Invest in a Thermometer. For perfect shrimp, aim for an internal temperature of 120‑125°F; they’ll finish cooking during the final glaze step.
Variations
Ingredient Swaps
Swap shrimp for scallops or bite‑size pieces of chicken breast for a different protein. Replace broccoli with snap peas, asparagus, or a medley of colorful bell peppers. For a sweeter glaze, use maple syrup or coconut sugar instead of honey.
Dietary Adjustments
For a gluten‑free version, ensure the soy sauce is labeled gluten‑free or substitute tamari. To make it dairy‑free, simply omit any butter and keep the oil base. Keto diners can reduce the honey to a sugar‑free alternative like erythritol and serve over cauliflower rice.
Serving Suggestions
Pair the dish with steamed jasmine rice, quinoa, or a simple cauliflower mash to soak up the glaze. A crisp cucumber‑radish salad adds a refreshing contrast, while a side of garlic‑butter naan works beautifully for a more indulgent meal.
Storage Info
Leftover Storage
Allow the dish to cool to room temperature, then transfer it to an airtight container. Store in the refrigerator for 3‑4 days. For longer keep, portion into freezer‑safe bags or containers and freeze up to 3 months. Label with the date to keep track.
Reheating Instructions
Reheat gently in a skillet over medium heat, adding a splash of water or broth to restore moisture, stirring until the sauce glazes the shrimp again (about 3‑4 minutes). Alternatively, microwave covered on medium power for 2‑3 minutes, stirring halfway through.

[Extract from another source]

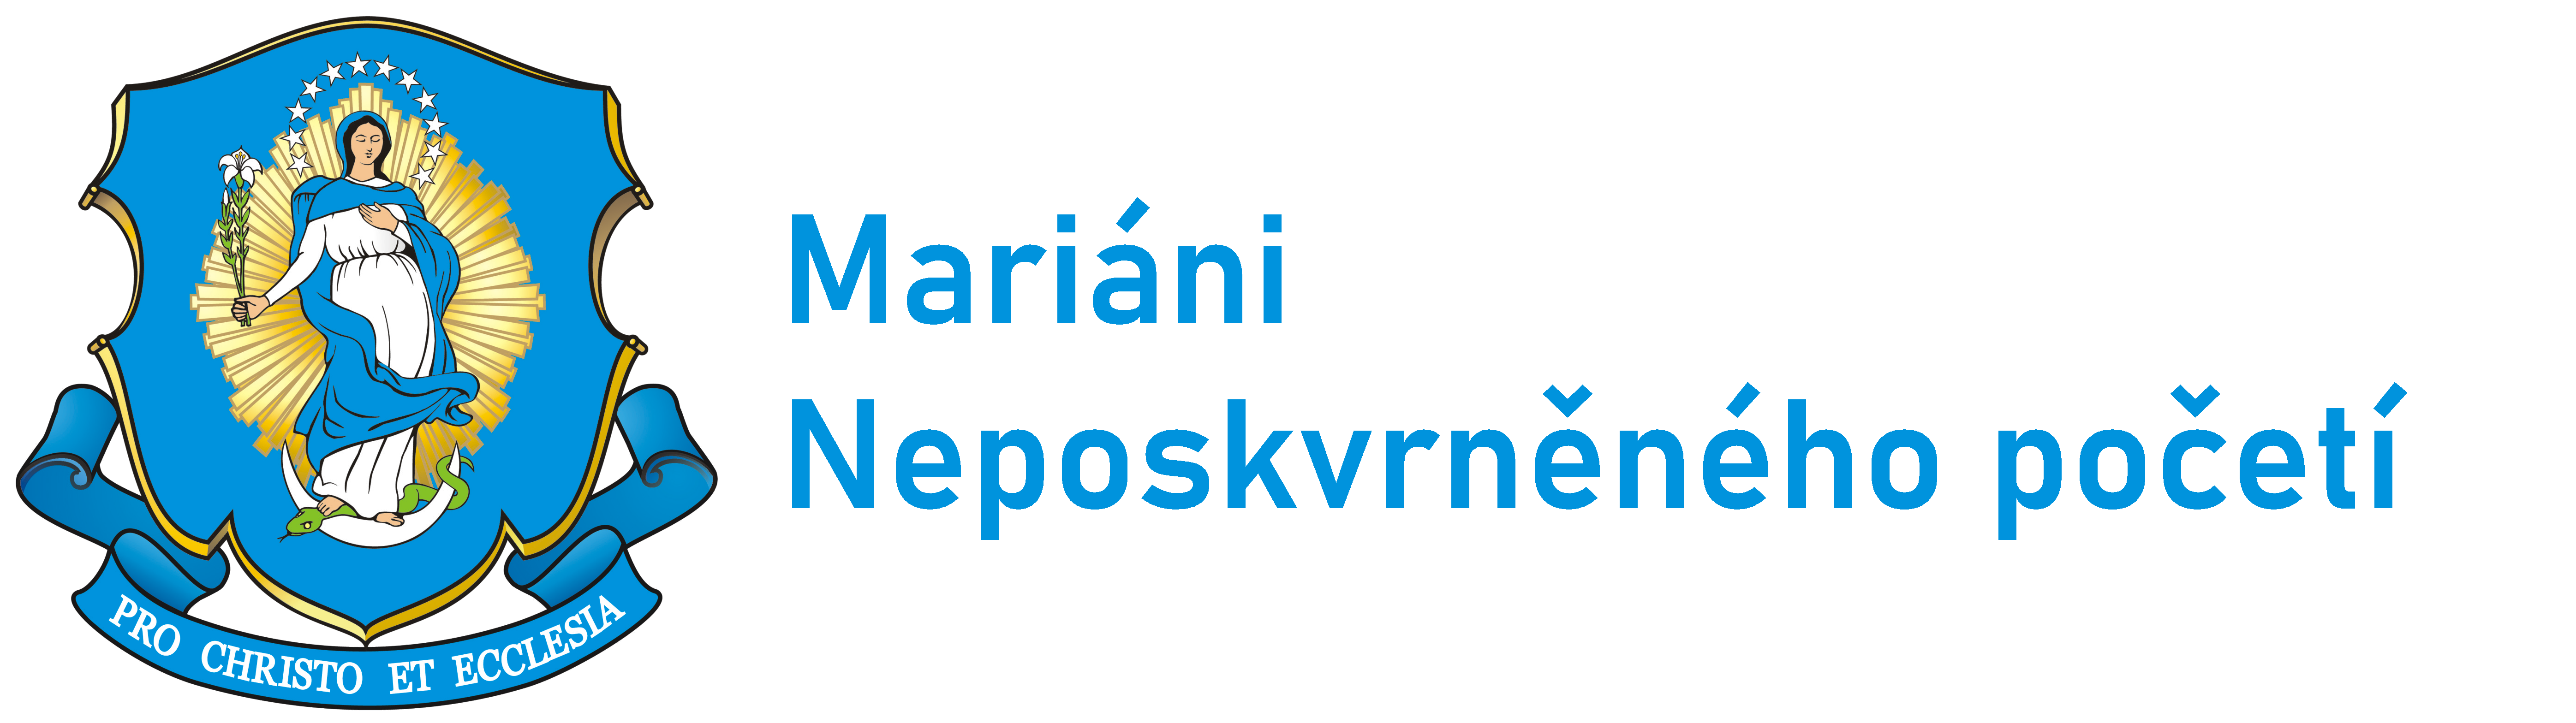 Logo Logo - Mariáni ČR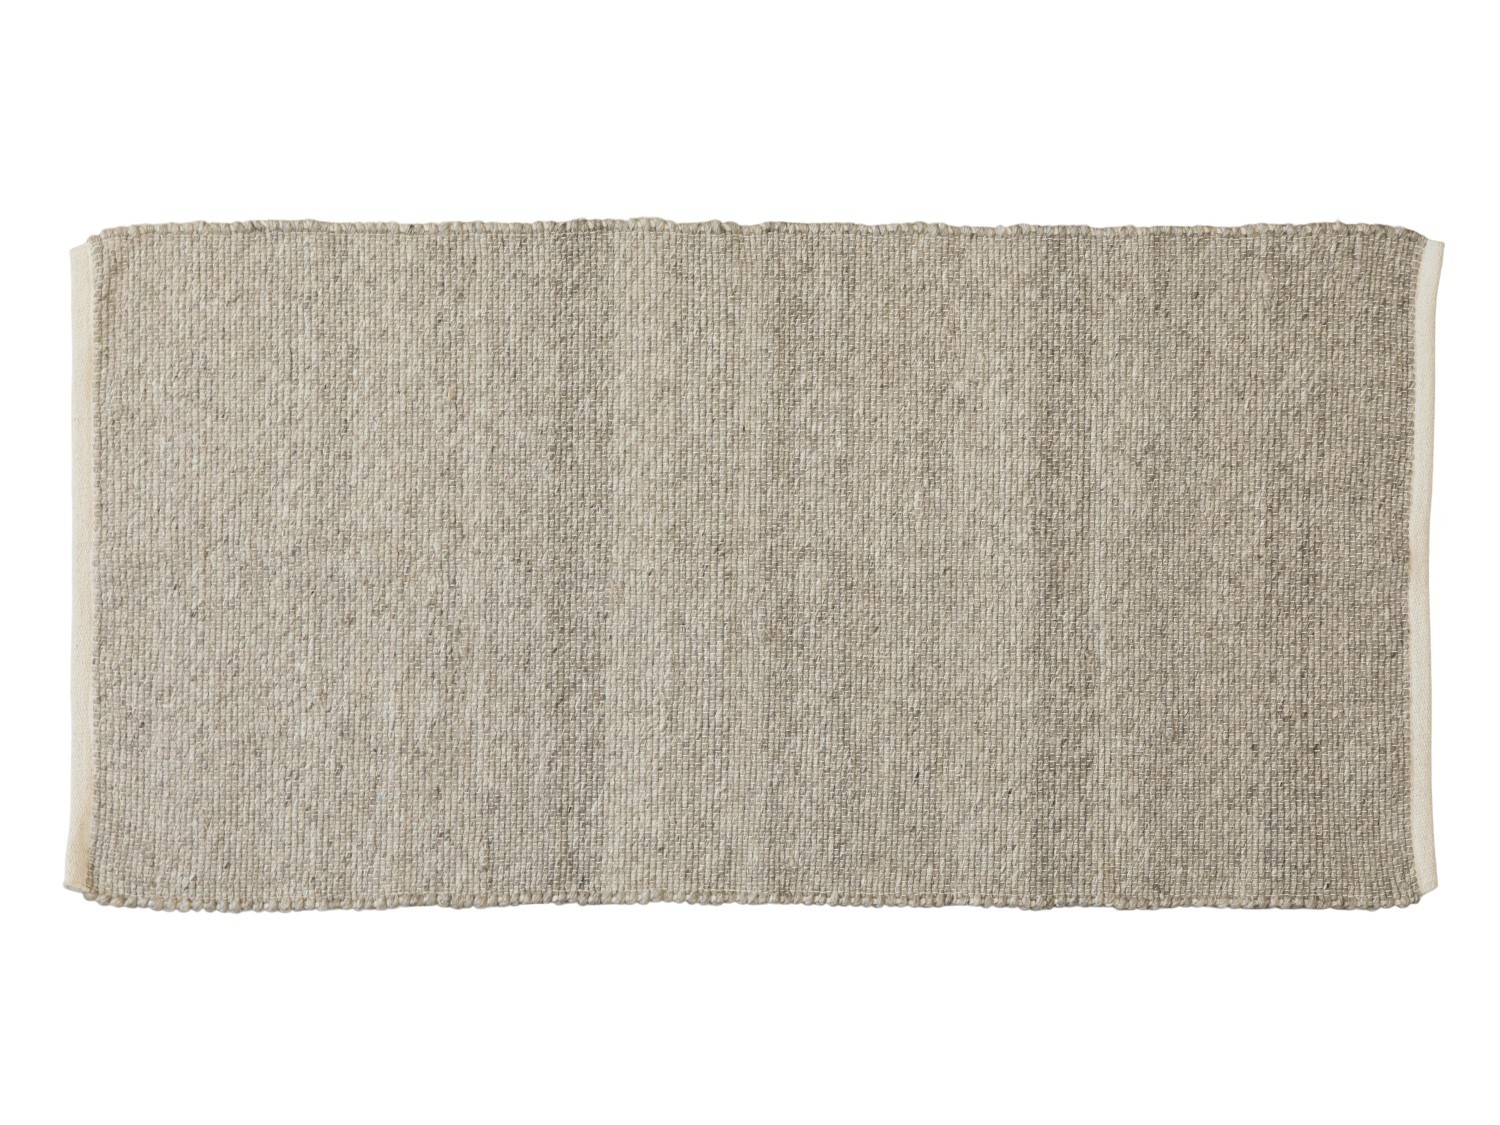 Přírodní antik koberec Rug natural - 70*150 cm Chic Antique

Frequently Asked Questions
This One‑Pan Honey Garlic Shrimp and Broccoli Delight brings together sweet, savory, and bright flavors in a quick, low‑cleanup package. By following the detailed steps, using fresh ingredients, and applying the provided tips, you’ll achieve a restaurant‑worthy dish any night of the week. Feel free to experiment with swaps or add your own twist—cooking is an adventure, after all. Enjoy the burst of flavor and the satisfaction of a perfectly executed one‑pan meal!